Saturday, May 16, 2009, 8 p.m. Richardson Auditorium, Alexander Hall

The Princeton Laptop Orchestra (PLOrk) -- in collaboration with renowned sound art duo Matmos, the Brooklyn-based ensemble So Percussion and shakuhachi master Riley Lee -- will present a program of new works at 8 p.m. Saturday, May 16, in Richardson Auditorium, Alexander Hall.

In addition to new arrangements of music from Matmos' "Supreme Balloon" and So Percussion's "Amid the Noise," the program will feature works by Princeton seniors Michael Hammond and Tom Lieber and graduate students Jascha Narveson, Cameron Britt, Rebecca Fiebrink, Michael Early, Sean Friar and Ted Coffey.

PLOrk is an ensemble of 30 laptopists -- the first of its size and kind. Founded in 2005 by Princeton faculty members Dan Trueman and Perry Cook, the group has reinvented the traditional orchestra model for the 21st century with each musician performing with a laptop and custom-designed hemispherical speaker.

PLOrk has worked with guest performers and composers, including tabla virtuoso Zakir Hussain and accordionist and composer Pauline Oliveros. It has performed at Carnegie Hall, and it has inspired the formation of other laptop orchestras around the world.

The internationally acclaimed ensemble So Percussion is known for exploring the expressive possibilities of percussion. M.C. Schmidt and Drew Daniel, who are Matmos, make live performances and recordings using the sounds of everything from amplified crayfish nerve tissue to the pages of Bibles turning to a bowed five-string banjo.

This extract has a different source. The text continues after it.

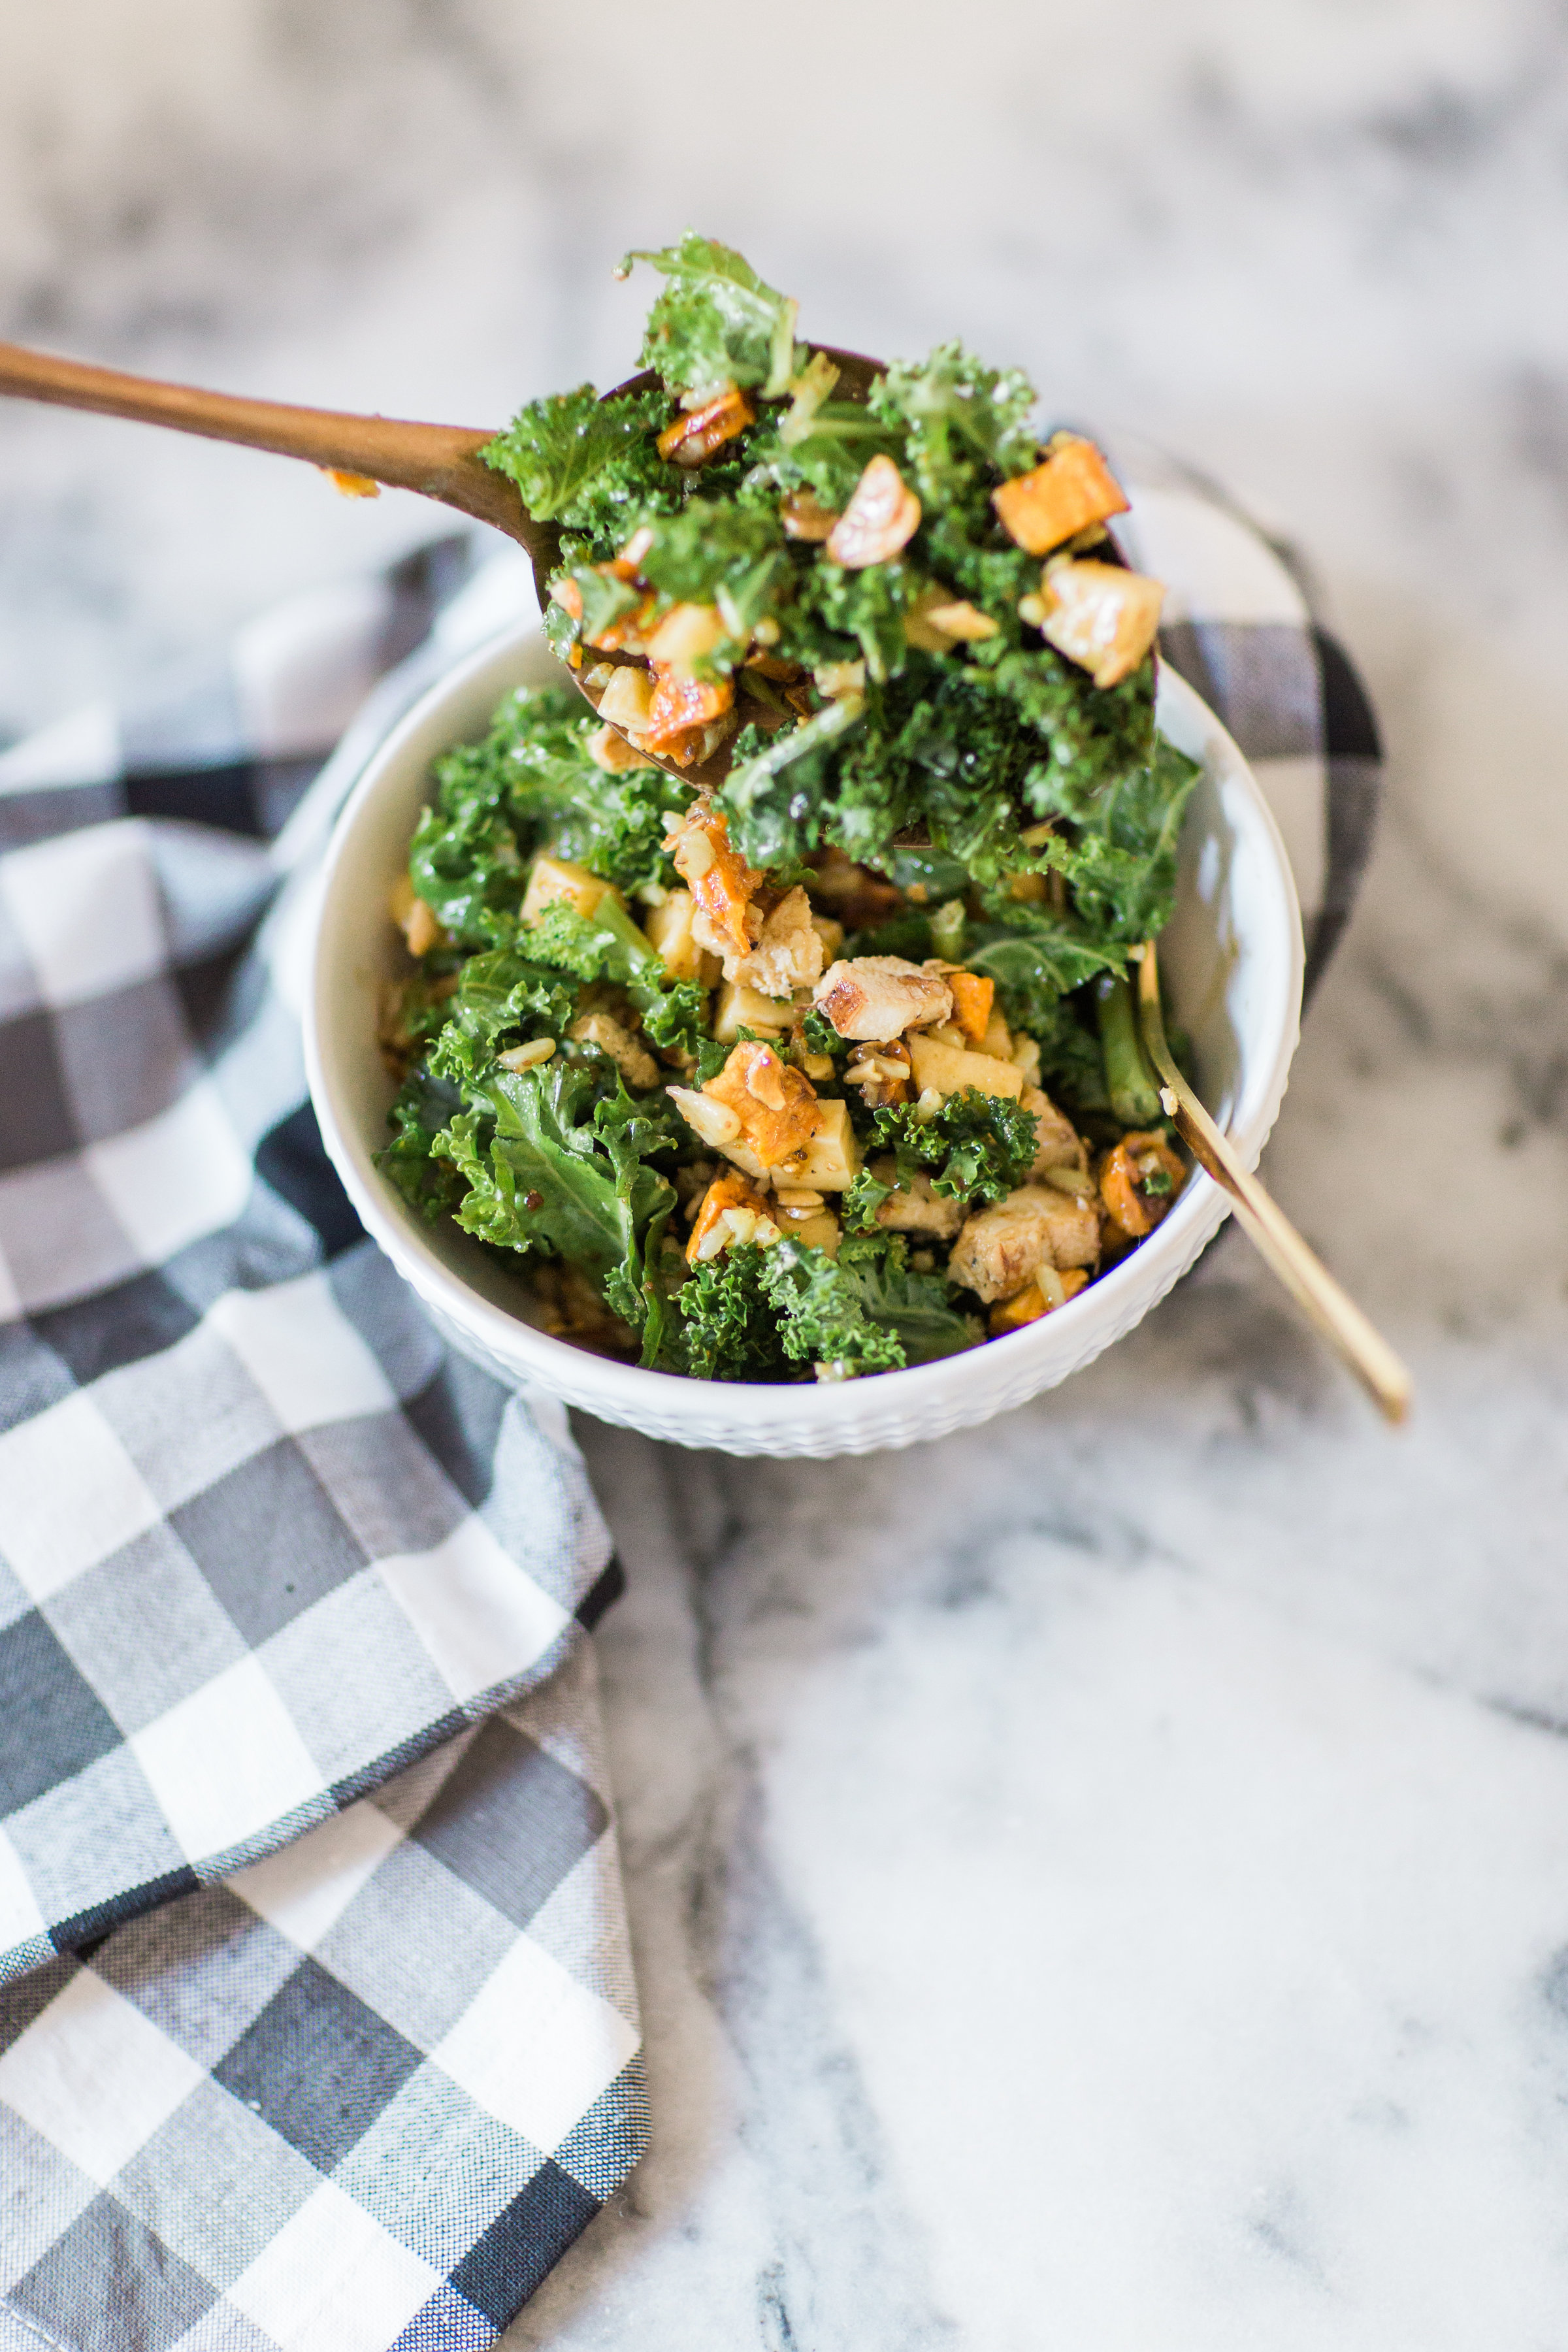 How to make the most amazing knockoff version of the harvest bowl salad at sweetgreen. This one is salad done right. Click through for the recipe. | glitterinc.com | @glitterinc

Riley Lee began playing the shakuhachi (bamboo flute) in Japan in 1971 and was the first non-Japanese person to achieve the rank of grand master in 1980. He co-taught at class at Princeton this spring.

PLOrk has received funding from the MacArthur Foundation; the David Gardner '69 Magic Fund; and the Princeton University Redistribution Initiative, Council on Science and Technology, School for Engineering and Applied Science and Department of Music.